Marc Mayrand is a Canadian public servant who served as the sixth chief electoral officer of Canada from 2007 to 2016, where he oversaw Elections Canada.

Career 
Mayrand studied law at the University of Ottawa and the London School of Economics.

He taught briefly, then joined the national Office of the Superintendent of Bankruptcy in 1982, and stayed until 2007.  He rose to the top job there in 1997.

In 2007, he was appointed Chief Electoral Officer of Elections Canada, an independent agency of the Parliament of Canada responsible for supervising the election campaign financing and voting methods. He refused to alter the voting procedure to require Muslim women to remove their veils, as it was not a requirement under the Canada Elections Act.

In 2011, he called on Parliament to revamp the current election laws, which include lifting the blackout of television and radio election coverage in areas where polls are still open, due to the expansion of the use of social media, citing that "its very intelligibility and usefulness in a world where the distinction between private communication and public transmission is quickly eroding."

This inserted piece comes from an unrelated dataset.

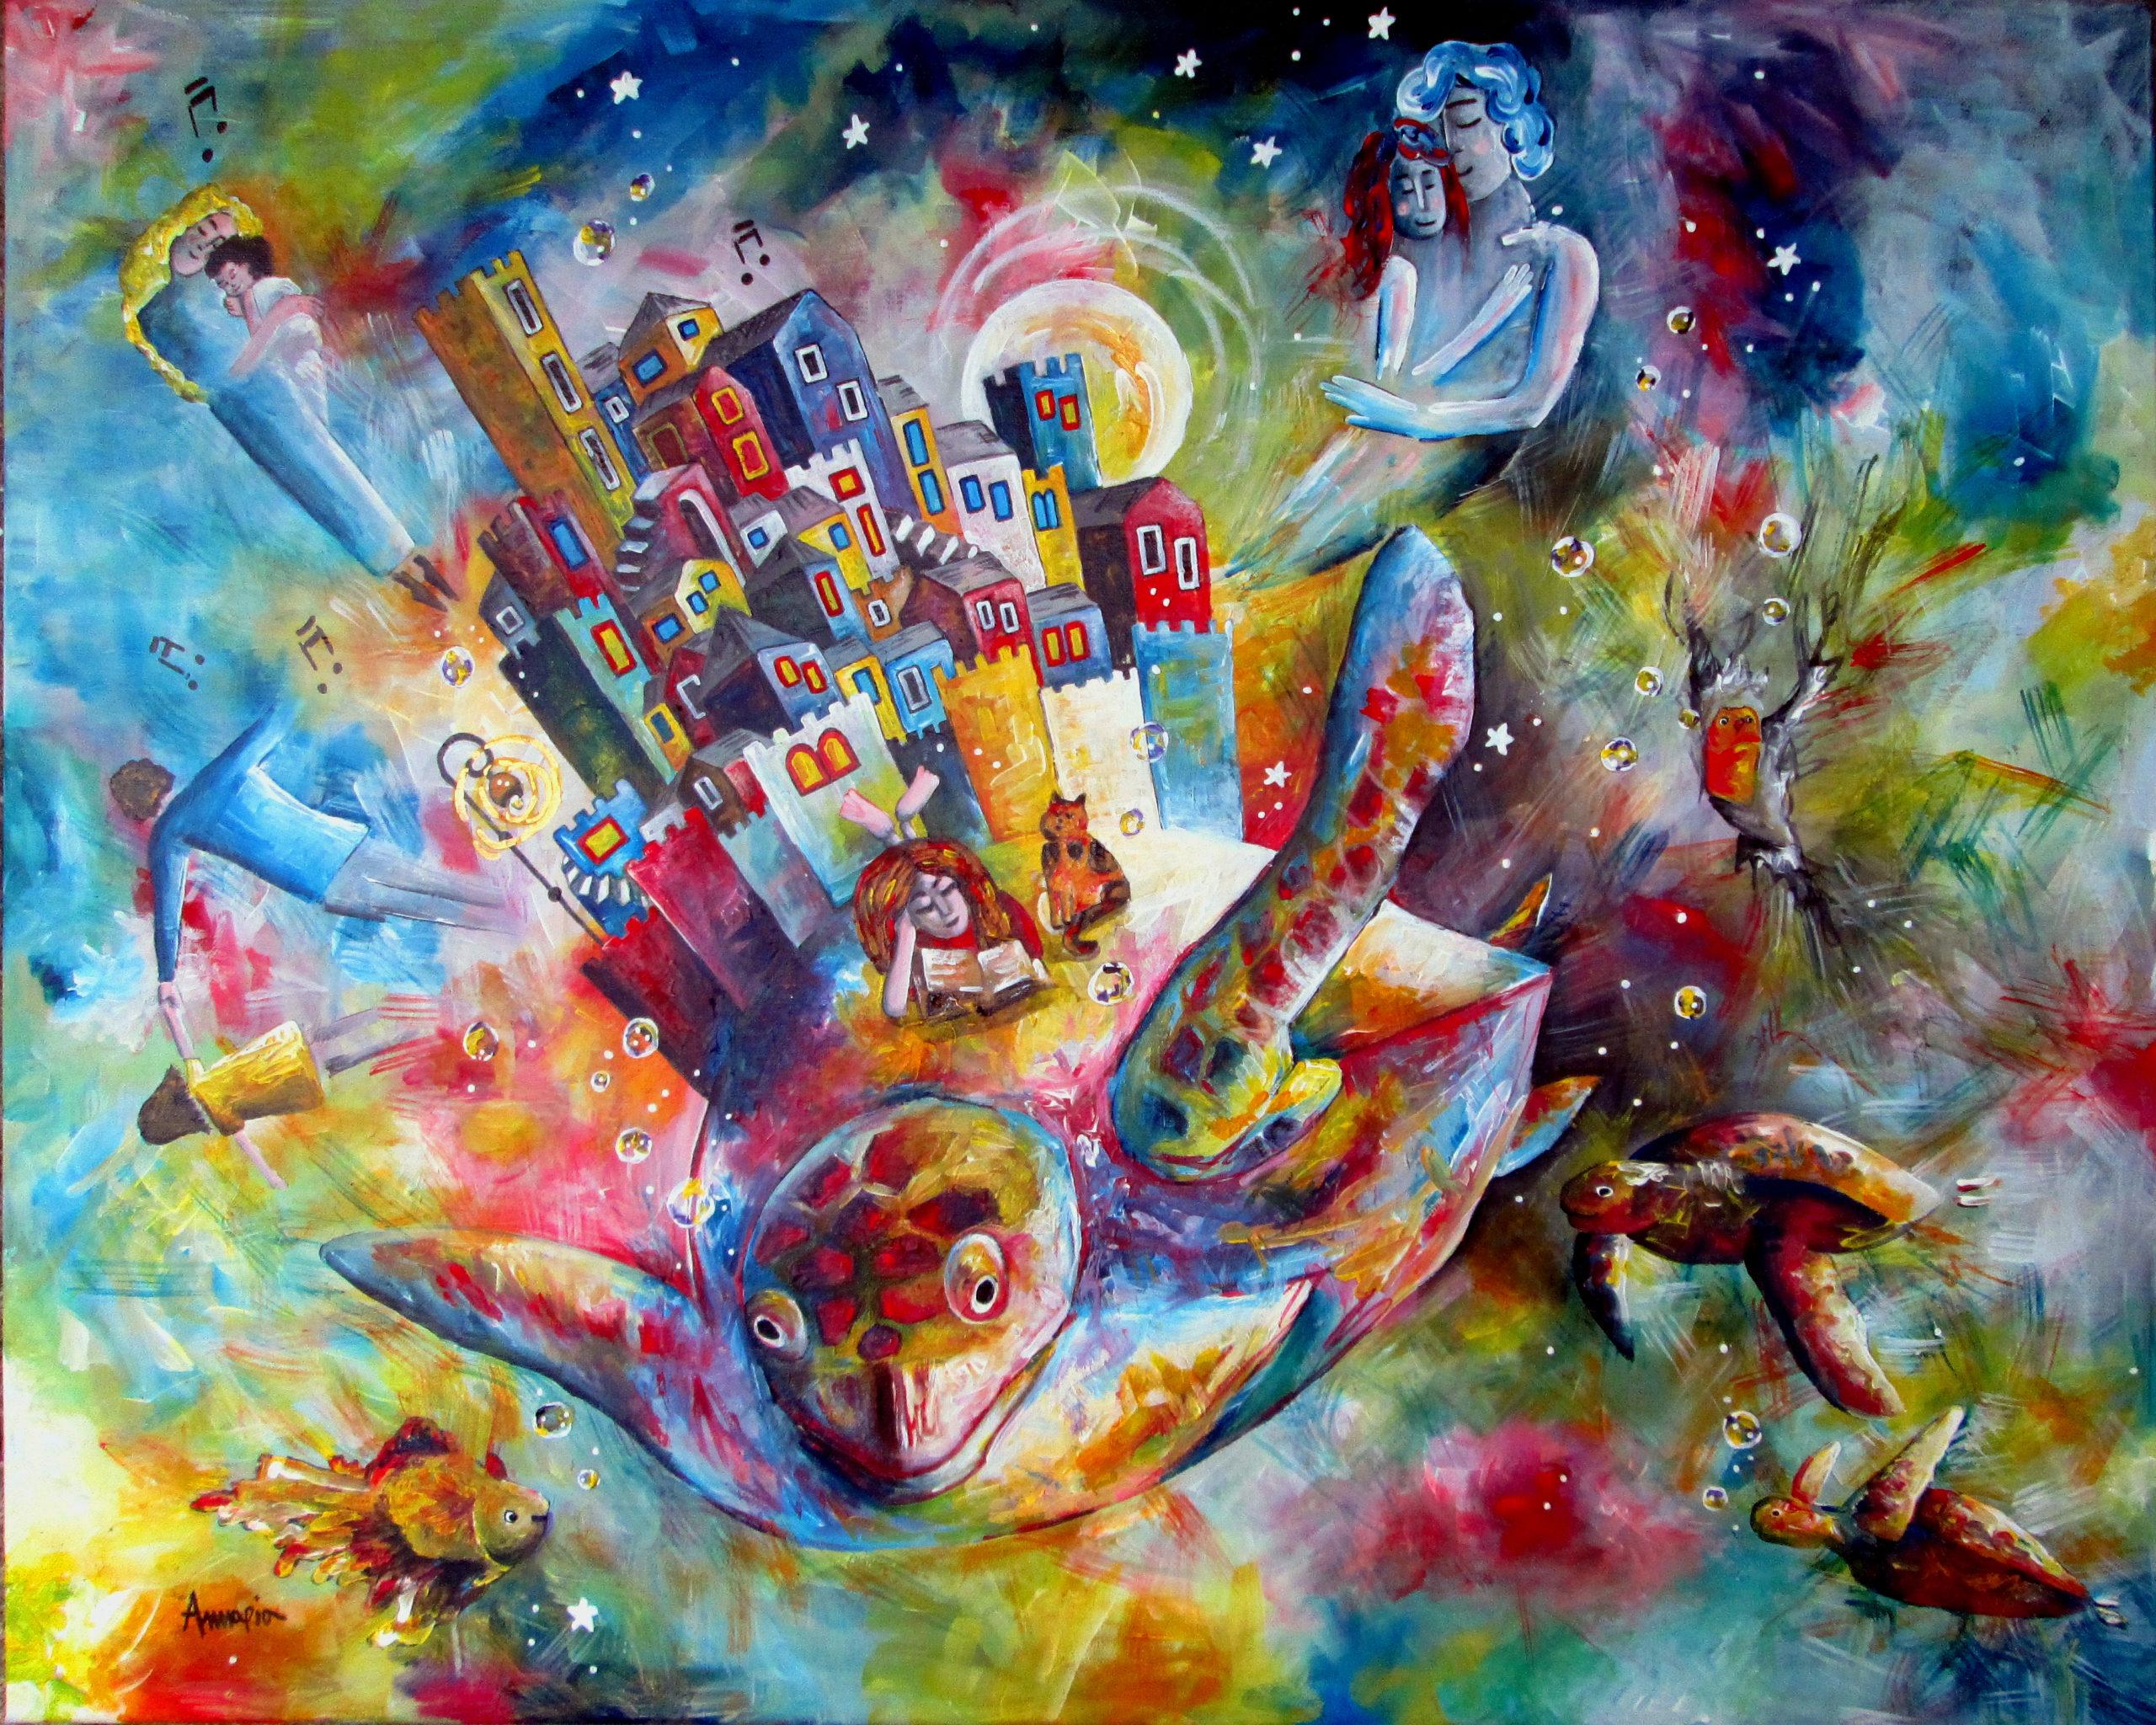 tableau surréaliste onirique poétique Chagall

Mayrand announced that he was stepping down from his position as of December 28, 2016 in order to allow his successor to be involved in any changes the government should choose to make to the voting system in Canada.

References

Living people
Chief Electoral Officer (Canada)
People from Trois-Rivières
University of Ottawa alumni
Alumni of the London School of Economics
University of Ottawa Faculty of Law alumni
Year of birth missing (living people)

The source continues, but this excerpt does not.